There is some really good journalism in the book – Hersh’s My Lai investigation is outstanding as is Linda Mervin’s piece on the Rwandan genocide – and most of the pieces, for working journalists at least, are well worth reading.

I could have done without Pilger’s outrage in the introduction and his take on the context of each article. But those who like their journalism over-blown, will, undoubtedly enjoy the Pilger sermons in this book.

*

A few days after publication, Pilger wrote a letter to the Age in response, but it was rejected, he was told, “because we don’t run responses to reviews.”

This is a copy of Pilger’s letter:

“The headline over Michael Gawenda’s “review” of the collection I edited, Tell Me No Lies (November 27) is “The rants of a conspiracy theorist”. This is how the Age represents 620 pages of some of the finest investigative journalism ever written. The introduction to the book refers to a degradation of modern journalism of which Gawenda’s abuse is a vivid example. Apart from a few grudging words acknowledging the journalistic giants in the book, his article is both false and dishonest.

“He refers to the great reporter Linda Melvern as Linda Mervin. He says I describe the United States as “the incarnation of fascism”; I have never written anything of the kind. To substantiate his thesis that I am a conspiracy theorist, he totally misrepresents an article of mine which refers to the Kean Commission on 9/11 and which is not part of the book, although he gives the impression that it is. This deception is compounded by the fact that the article has never been published in Australia.

“None of this is surprising. In 1999, during the NATO attack on Yugoslavia, Gawenda, then editor of The Age, suppressed a piece of mine from the Guardian in London, saying that he didn’t want “any of that anti-war stuff in the paper.” Thereafter, under his editorship, almost all my syndicated work was rejected by that paper that once carried my world exclusive reports from Cambodia and East Timor. Such is the malaise of modern journalism, which Tell Me No Lies highlights, that this important collection was given out for review to one whose hatchet job was assured. Readers of The Age deserve better.”

*

The week before the review’s publication, Pilger was in Melbourne for an Age sponsored event promoting Tell Me No Lies. The paper’s literary editor, Jason Steger, introduced Pilger and by all accounts offered a warm welcome. Pilger then wrote the following letter to him on November 29:

“When we spoken on Friday at the lunch, you knew very well that Gawenda had done his dishonest hatchet job on Tell Me No Lies. You would have signed off on the disgraceful headline. The corruption is pervasive; I have just learned that my letter to The Age, setting the record straight, is suppressed because “we don’t run responses to reviews.” Catch 22.

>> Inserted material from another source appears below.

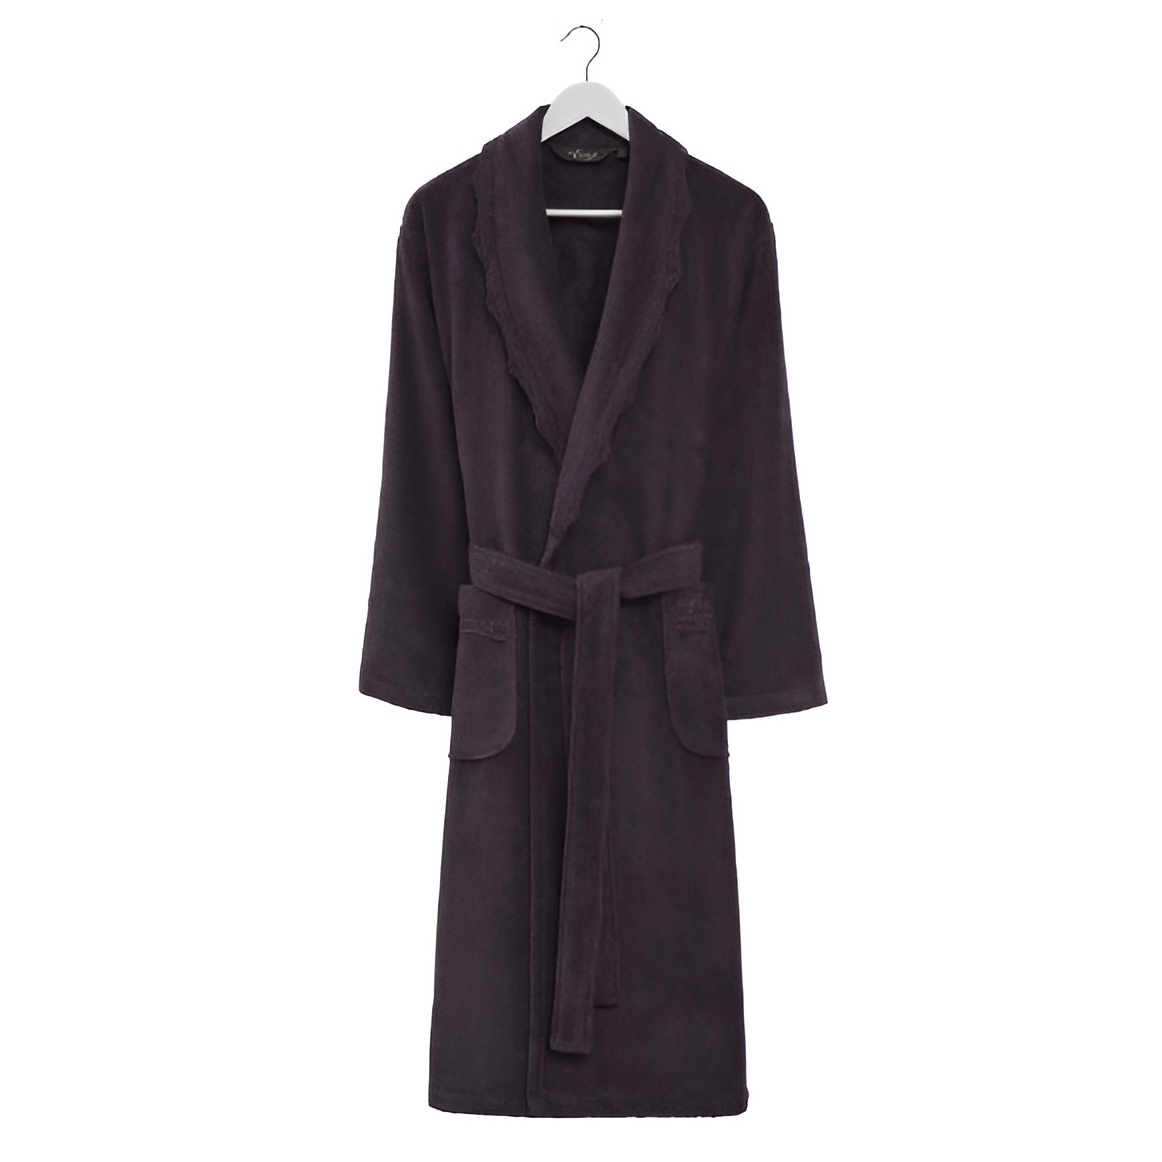 Банный халат Stella цвет: фиолетовый (M)

“However, your duplicity will not go unrecognised, be assured. I am including this episode, your role and Gawenda’s, as a telling example of why press freedom in Australia stands at 50th in the world in a paper I am giving to media colleges here and in the UK and at Cornell University in the United States. This will form part of the introduction of my new book, due for completion in 2005, to be published in the UK, the US and here.”

UPDATE: I have published the above correspondence and review to underscore the lengths to which dissenting voices are routinely shunned in the Australian media, especially a major figure like Pilger. He is one of our finest reporters, inquisitive, gutsy and consistent. Lest anybody misunderstand my intentions, the above example is a perfect case to me of the need for figures such as Pilger. The Age should be ashamed of its behaviour – I hope this example exposes them just a little.